Even for a human driver, understanding which lanes are closed, which lanes are open, and which lanes are shifted can be challenging since emergency responders can, alternatively, divert all traffic on a detour, channel traffic to particular lane(s), establish a temporary reversible lane for managing vehicle flow in both directions of the traffic, and/or the like. Since BLs are usually transient (lasting from several minutes to several hours), they typically are not captured and/or not marked on maps. For some autonomous vehicles that rely on maps for general navigation, a reliance on sensor data is needed to identify and navigate such blocked lanes. In some embodiments, marking or semantically identifying a BL can be done with a diverse set of features (markers) that can be very case-specific, e.g., a police car or fire truck blocking the street, emergency crew members walking on the roadway, a “No Traffic” (or similar) temporary sign placed to mark BL(s), a caution tape set across one or more BLs, a water hose connected to a hydrant or fire truck and lying on the ground, a set of flares/lights marking a boundary of an undrivable portion of the road, emergency crew members walking on the roadway, and/or the like.
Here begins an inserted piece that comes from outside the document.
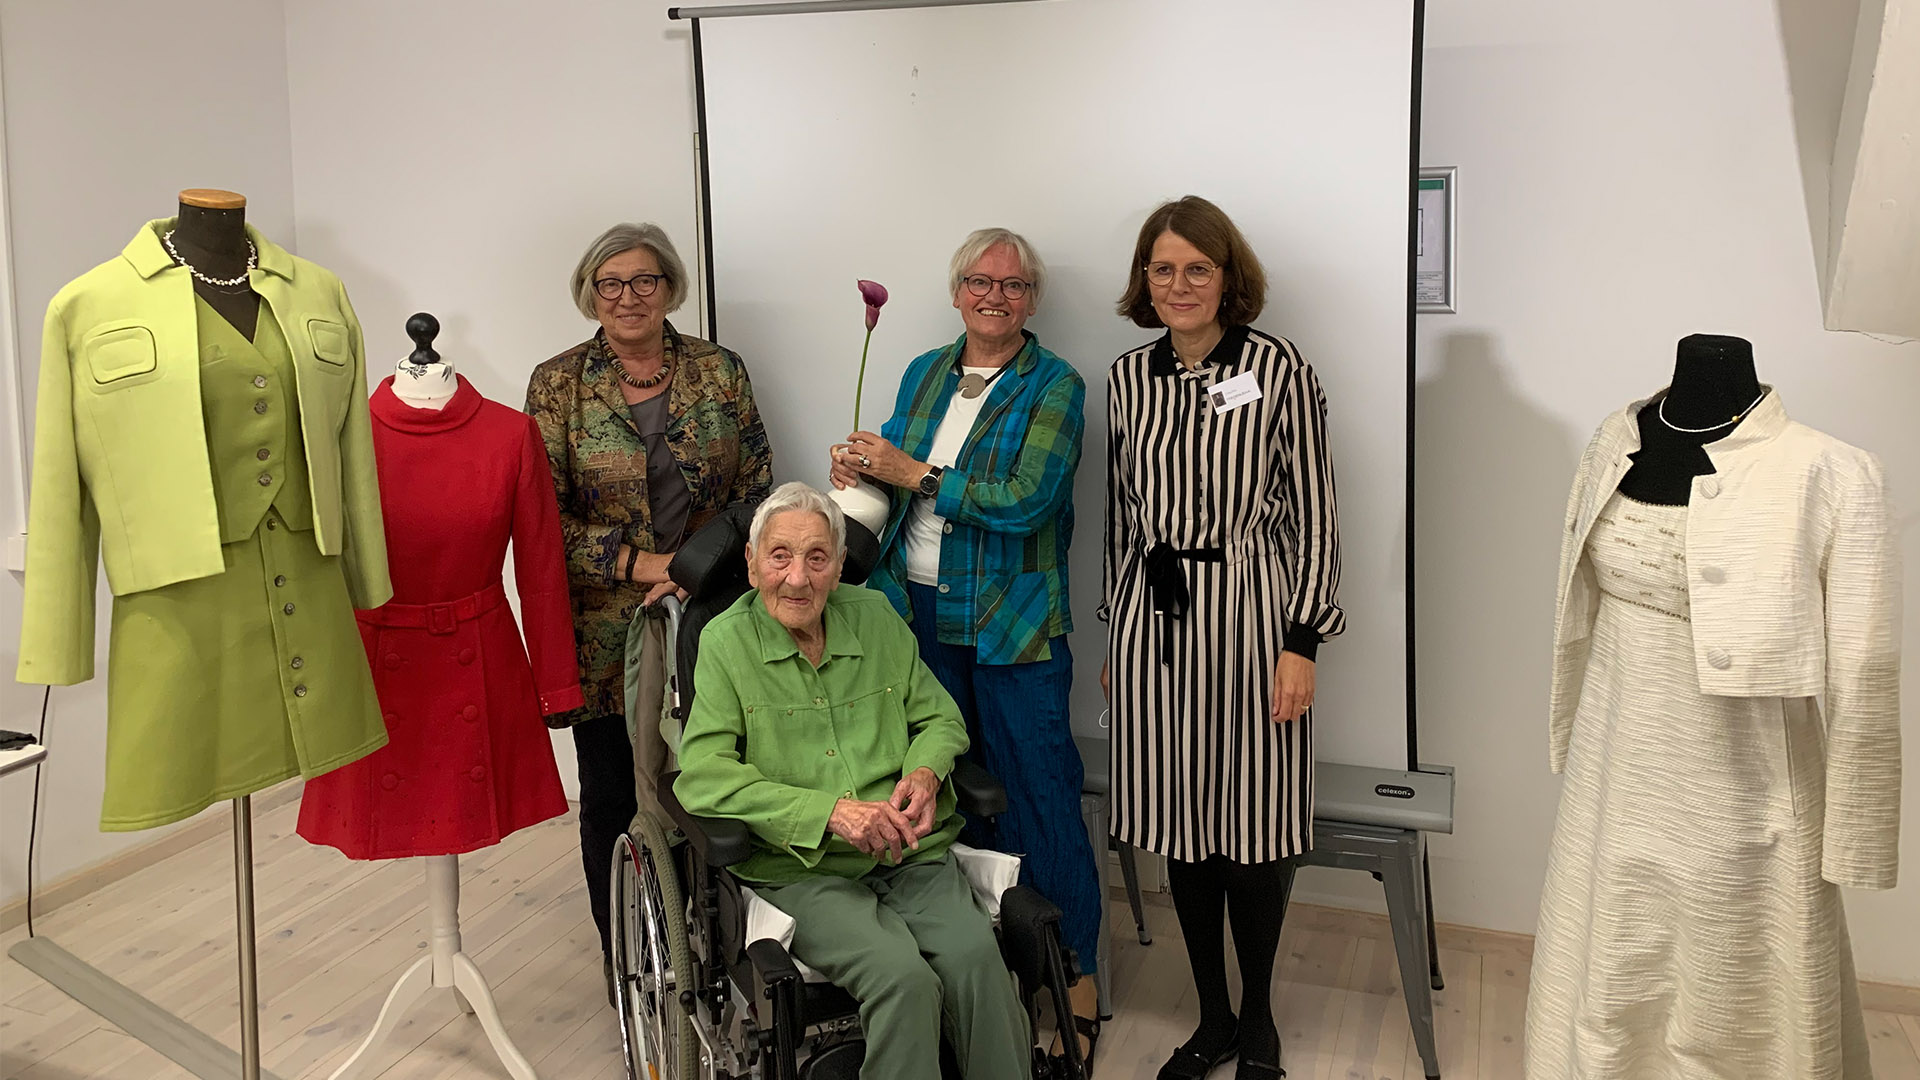 Das Foto zeigt Gabi Schrader, Ingrid Götze, Sieglinde Eberhard und Claudia Hagemann nach dem Vortrag über die Kleidermacherin Ruth Zimmermann im Bürger Museum. Sie stehen vor einer Leinwand, rechts und links von Ihnen befinden sich Kleider aus den 60er Jahren.

The existing techniques of BL detection usually rely on a set of pre-programmed situation-specific rules, e.g., presence of police car with emergency lights turned on, presence of cones, plastic barriers, caution tape, and/or the like. Situation-specific rules, however, do not fully capture broader contexts of driving scenes and can result in false positives or missed BLs. For example, a stopped or even moving police car can be mistaken for a blocking vehicle. Similarly, a person in a safety uniform jaywalking across the roadway can be mistaken for a member of a fire crew, triggering an unwanted response, e.g., causing the autonomous vehicle to block the traffic. Formulating all possible scenarios and exceptions using situation-specific rules to cover a practically unlimited multitude of real-world situations is a formidable task.
Aspects and implementations of the present disclosure address these and other challenges of the modern perception technology by disclosing a BL processing pipeline for comprehensive and efficient identification of blocked and shifted lanes in driving environments and determination of driving paths of autonomous vehicles. A BL processing pipeline can deploy a combination of trained machine learning models (MLMs) and/or learned heuristics to identify a layout of drivable lanes that are intentionally or accidentally blocked, redirected, and/or otherwise modified by emergence vehicles and/or other objects. In some implementations, a lane is identified as blocked not only in the cases of actual physical blockages (e.g., by a car, barrier, officer, etc.), but also in the instances of implicit blockages, when a human driver would understand a lane as non-traversable (e.g., a lane that is adjacent to an emergency vehicle with flashing lights). In some implementations of the disclosure, a BL processing pipeline can include multiple stages of processing. The first-block detection-stage can identify whether one or more objects block at least a portion of the roadway, e.g., a police vehicle closing one or more lanes near an accident scene, a crime scene, a hazardous material spill, and/or the like. The block detection stage can use static roadgraph (map) data and dynamic sensing data acquired by a sensing system of the vehicle, including camera images, lidar images, radar images, audio data (e.g., collected by on-board microphones), and/or the like. The raw data collected by the sensing system can be processed by a perception system that tracks changes of the driving environment with time, including but not limited to identifying status of traffic lights and tracking motion (trajectories) of various objects (vehicles, pedestrians, animals, etc.). The perception system of the vehicle can deploy multiple subsystems that use the processed data (which, in some instances, can be augmented with the raw data) to detect that a specific object (e.g., a police car) is purposely blocking the roadway (as opposed to stopping for a reason of malfunction, running out of gas or electricity, and/or the like).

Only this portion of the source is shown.